Scripture and Christian tradition emphasize that Jesus could only be born out of a chaste womb, just as Christian Spirituality emphasizes he can only come to full bloom inside of a chaste heart. Why? Why this emphasis on chastity?
Chastity needs to be properly understood. For too long we have had an overly-narrow and mostly false concept of chastity. Chastity is too commonly identified with sexual abstinence and sexuality is then seen as something that, in itself, militates against chastity and spirituality. But chastity is not the same thing as celibacy; indeed it is not even, first and foremost, a sexual concept. Someone can be chaste but not celibate, just as someone can be celibate but not chaste. My parents were not celibate, they gave birth to a large family, but they were wonderfully chaste persons. The reverse can also be true. Someone can be celibate but far from chaste.
What is chastity? We are chaste when we stand before the world, others, and God in a way which allows them to be fully themselves without letting our own impatience, selfishness, or unwillingness to remain in tension violate their reality and their natural unfolding. What is meant by that?
Allow me to present three images for this:
• In her book, Holy The Firm, Annie Dillard shares this story: One evening, alone in her cabin, she was watching a moth slowly emerge from its cocoon. The process was fascinating but interminably slow. At a point she lost patience and needed to get on to other things, so she picked up a candle and applied a little heat to the process. It worked. The added heat sped up the process and the moth emerged more quickly from its cocoon, but, since a natural process had been interfered with and unnaturally rushed, the moth emerged with ill-formed wings which didn’t allow it to fly properly. A fault in chastity led to stunted growth.
• The movie Sense and Sensibility, based on Jane Austen’s classic novel, presents its leading character, a woman played by Emma Thompson, as someone who is asked to carry an extremely painful tension for a long time, one having to do with unrequited and unconsummated love. She has no one with whom she can really share her pain and her circumstance requires her to carry on as if she was not carrying this pain. She carries that tension for a long time, sublimating her pain into a graciousness that she extends even to the very persons who are the source of her tension. Only after a long time is the tension finally resolved and her forbearance in not forcing an earlier, premature resolution, her willingness to carry the tension to term, helps bring about deeper life for everyone, not least for herself. This is the essence of chastity.

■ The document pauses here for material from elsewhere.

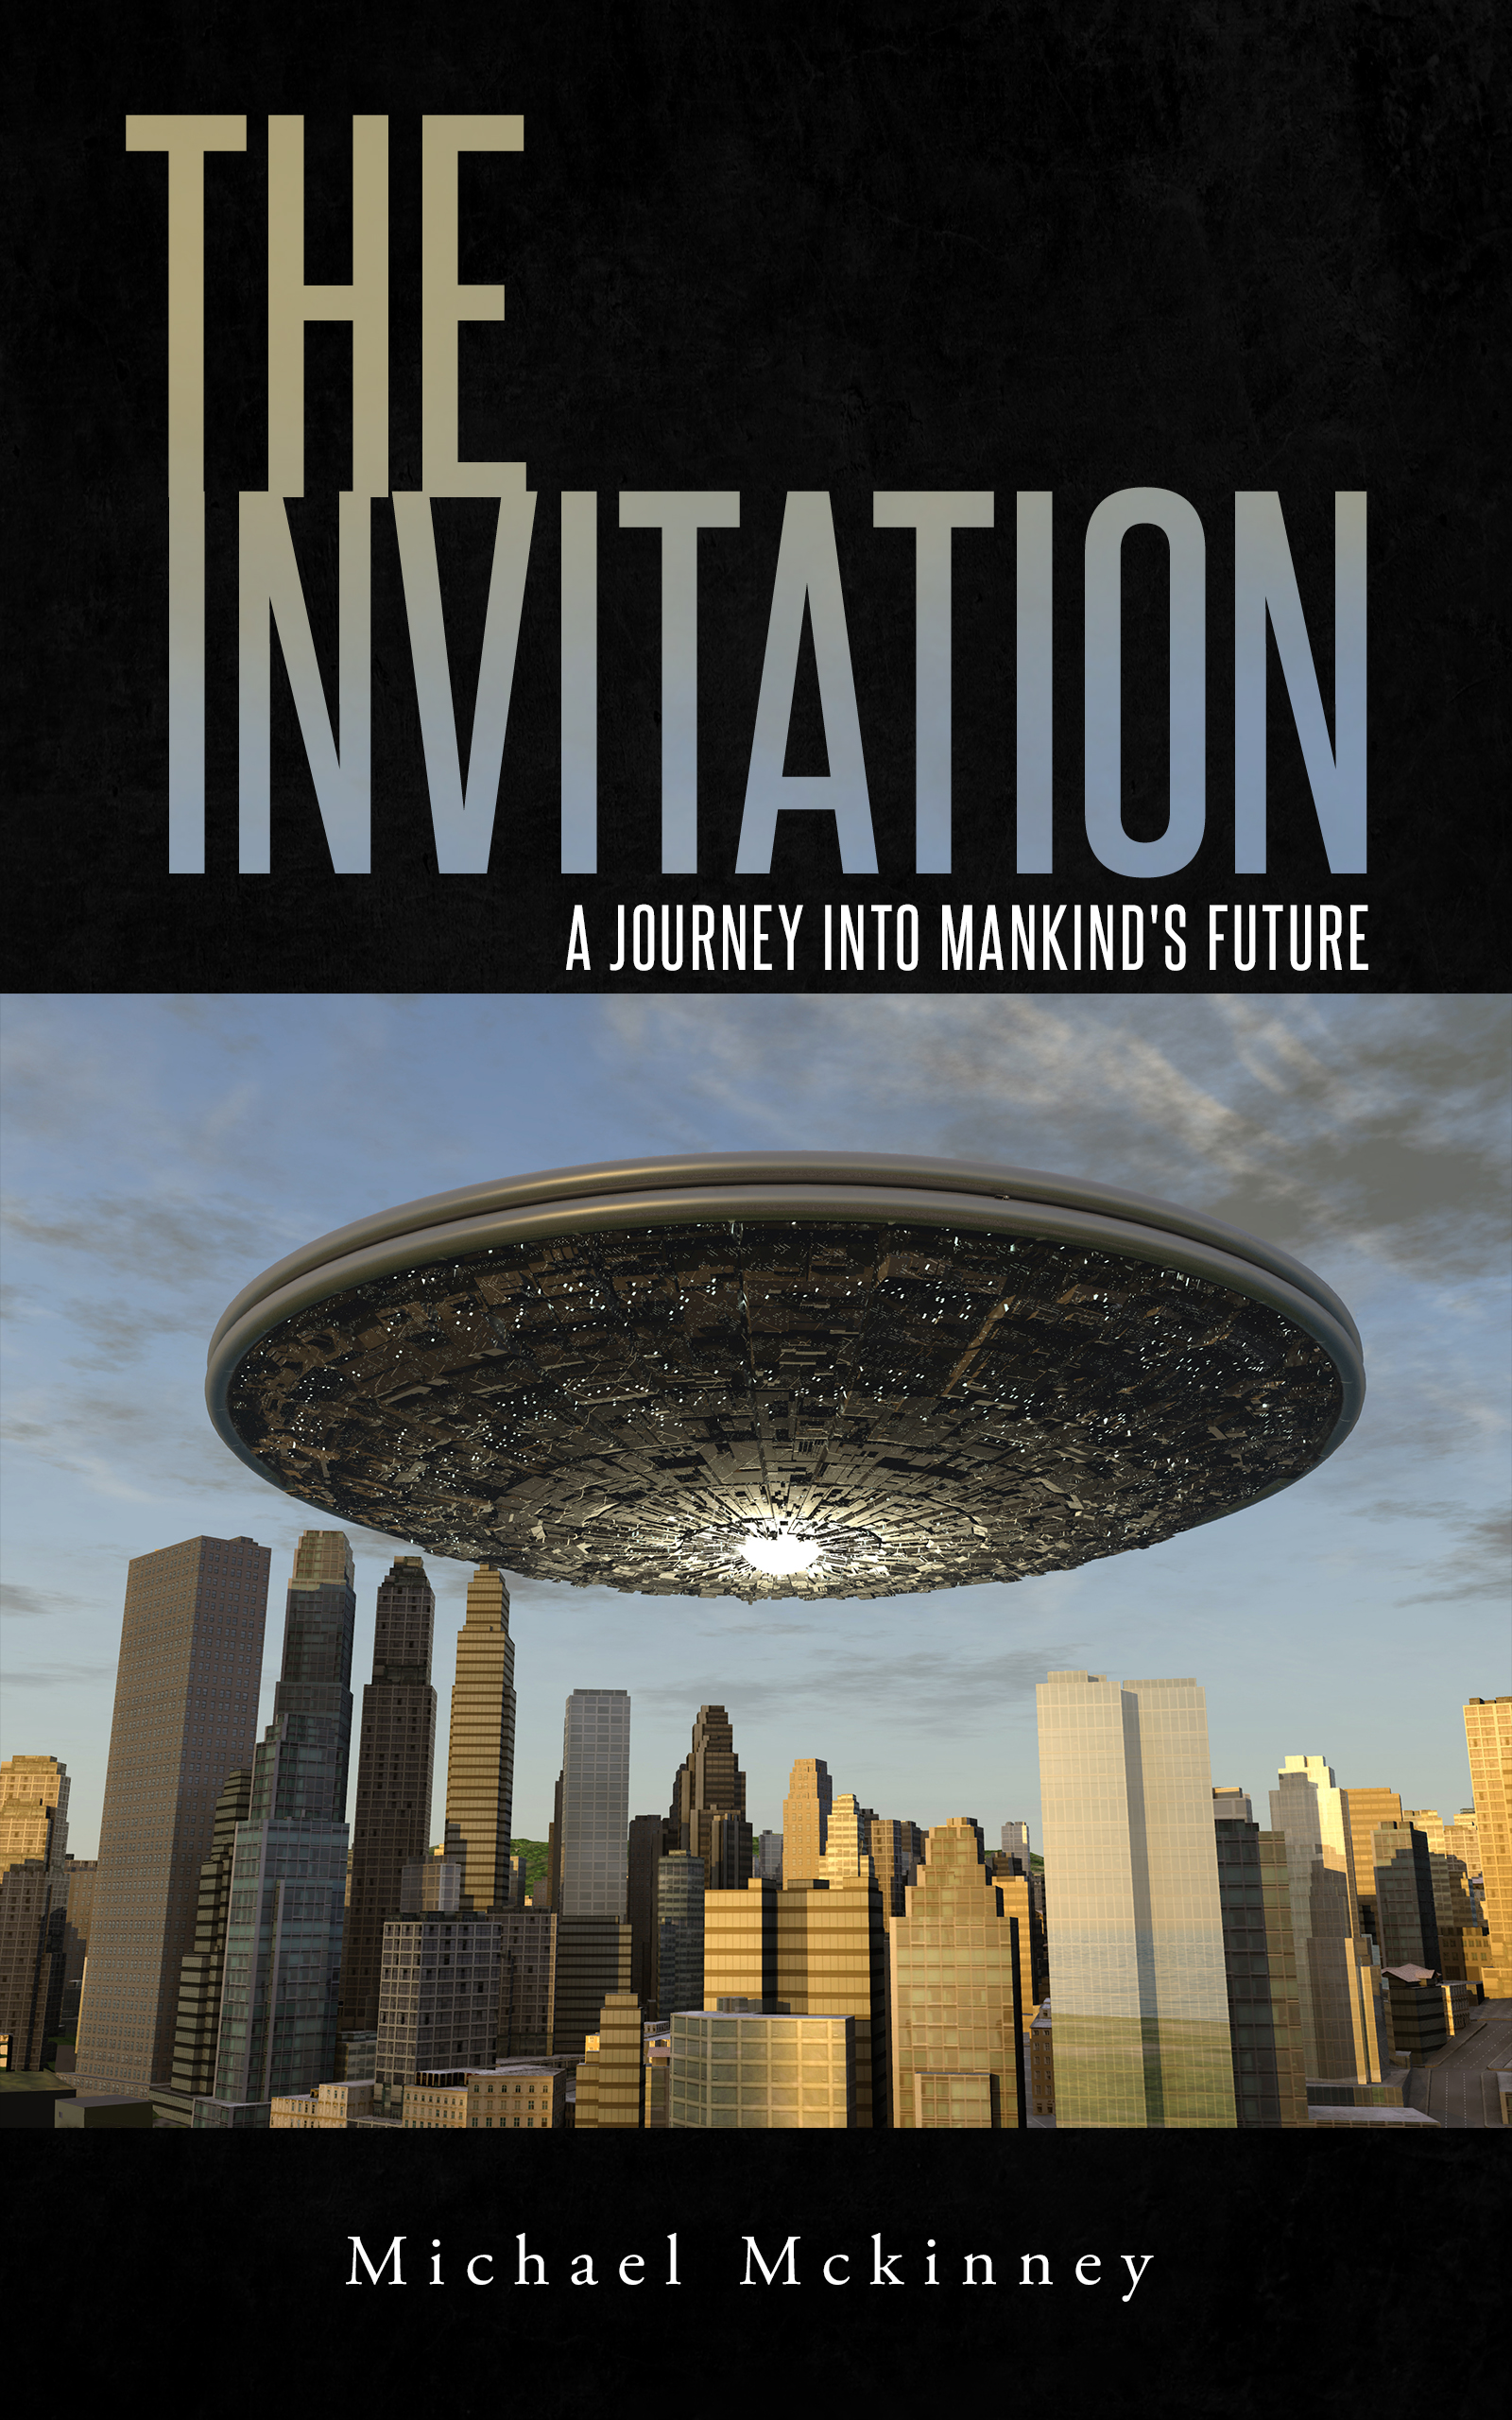 FREE: The Invitation A Journey into Mankind’s Future by Michael Mckinney

• After the Italian, spiritual writer, Carlo Carretto, had spent a number of years living as a hermit in the Sahara desert, he was asked what message he would give to the world if someone asked him the question: What, in your solitude and prayer, do you hear God saying to those of us who are living active lives in the world? Carretto replied: God is saying: learn to wait, learn to wait for everything – for love, for fulfillment, for consummation, for God! Learning to wait, giving God and life the space to unfold as they need to, is the very essence of chastity.

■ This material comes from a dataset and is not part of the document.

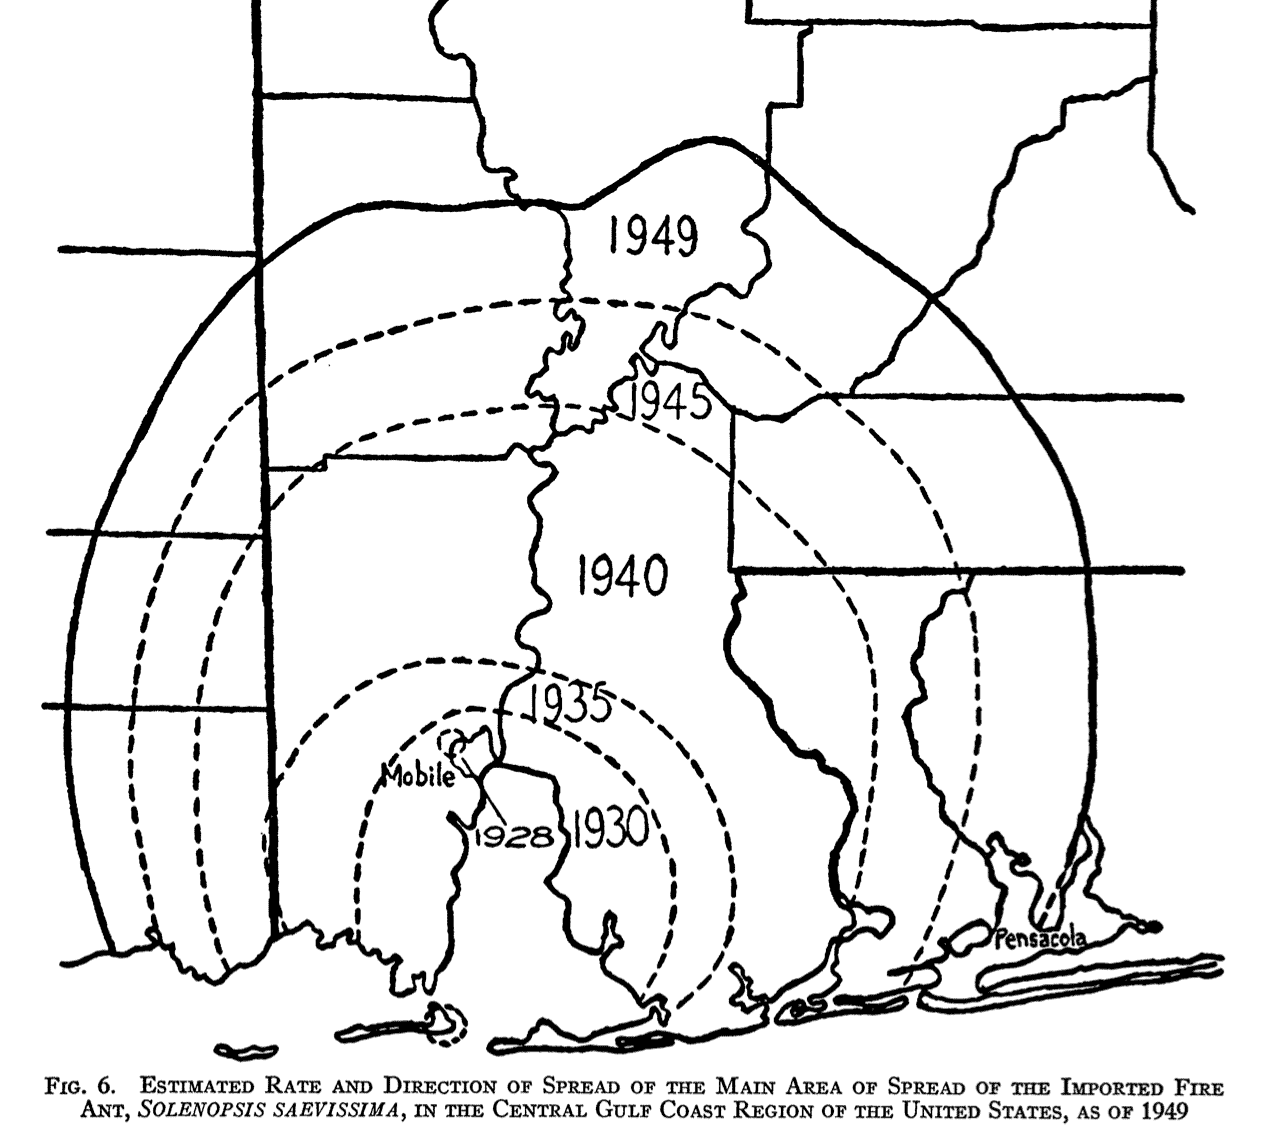 Fire ant initial invasion area from 1928-1949

In a number of his books, Nikos Kazantzakis, both fondly and bitterly, makes this assertion: God, it seems, is never in a hurry, while we are always in a hurry. He’s right: Life unfolds according to its own innate rhythms which try our patience and it will not let themselves be rushed, except at a cost. Life and love demand both the time and the space within which to unfold according to their own internal dictates. Whenever, because of impatience, selfishness, or our unwillingness to stay inside a tension, we short-circuit that process we, in slight or deep ways, violate their reality.

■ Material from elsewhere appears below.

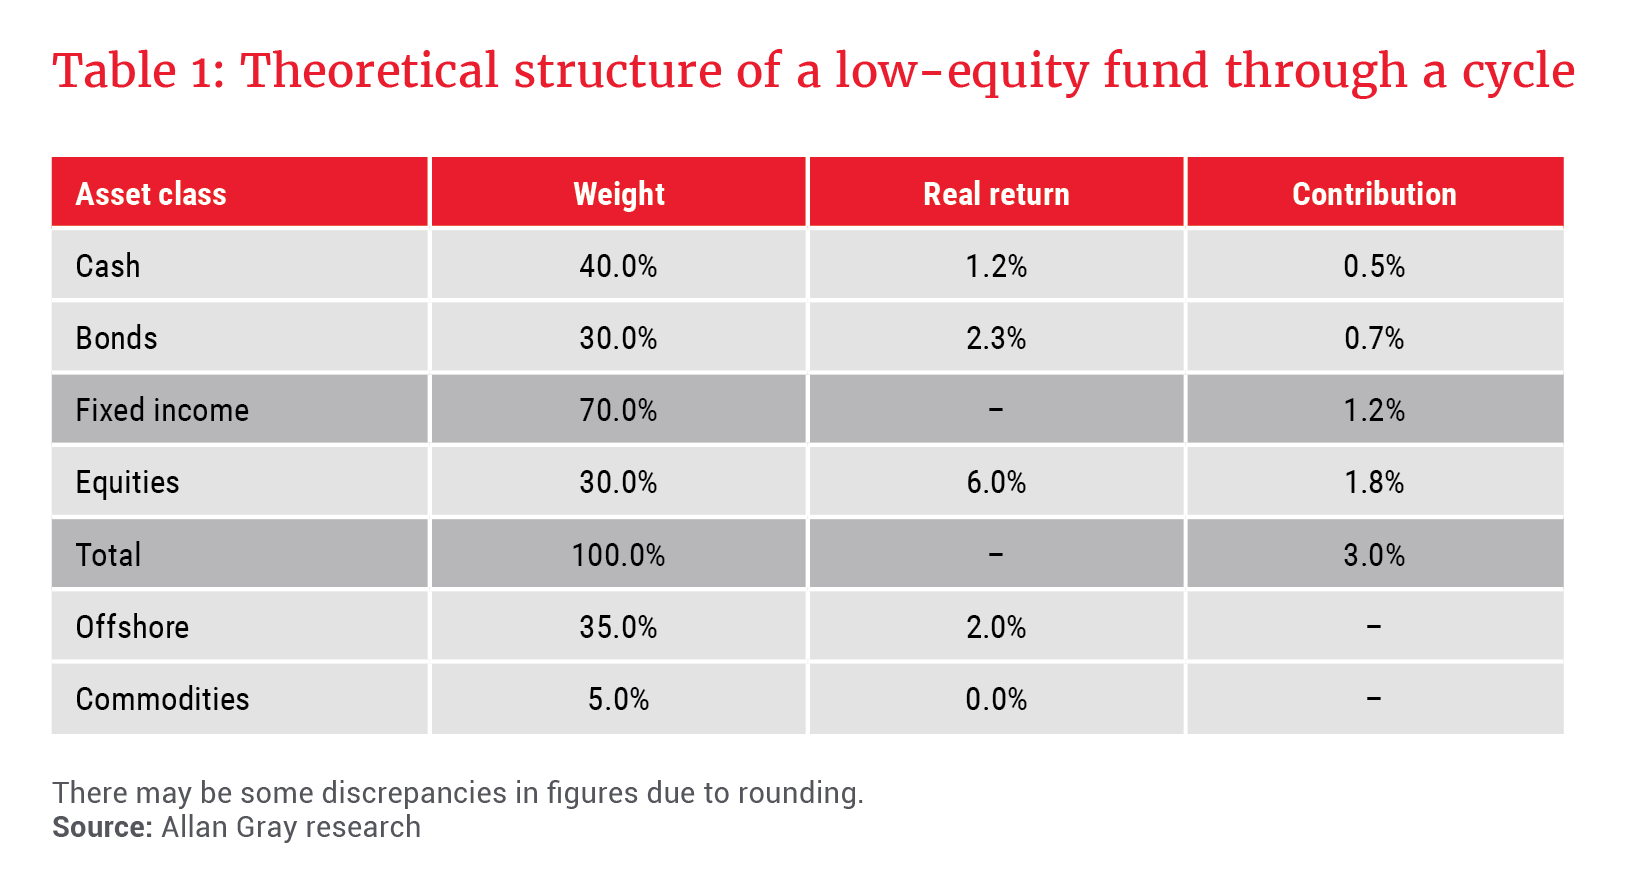 Theoretical structure of low-equity fund through a cycle - Allan Gray

Chastity is the virtue that invites us to live in patience, to wait, to respect what’s other, and to carry tension long enough so that the other can truly be other and gift can unfold precisely as gift.
The word sublime takes its root in the word sublimation. Nothing can be sublime unless there is first sublimation. Nobody gives birth to a baby without a long period of gestation, nobody writes a doctoral thesis in two hours, nobody creates an artistic masterpiece without long hours of sweat and labor, and nobody becomes a heroic individual without carrying unbearable tension. Cinderella only got to go to the ball after she had spent sufficient time in the ashes. Jesus only got to the glory and freedom of Easter Sunday by first sweating blood in the garden.
That is why the Messiah can only be born from a chaste womb and come to life fully only inside of a chaste heart. Christmas allows for no shortcuts.
Oblate Father Ron Rolheiser, theologian, teacher, and award-winning author, is President of the Oblate School of Theology in San Antonio, TX. He can be contacted through his website www.ronrolheiser.com.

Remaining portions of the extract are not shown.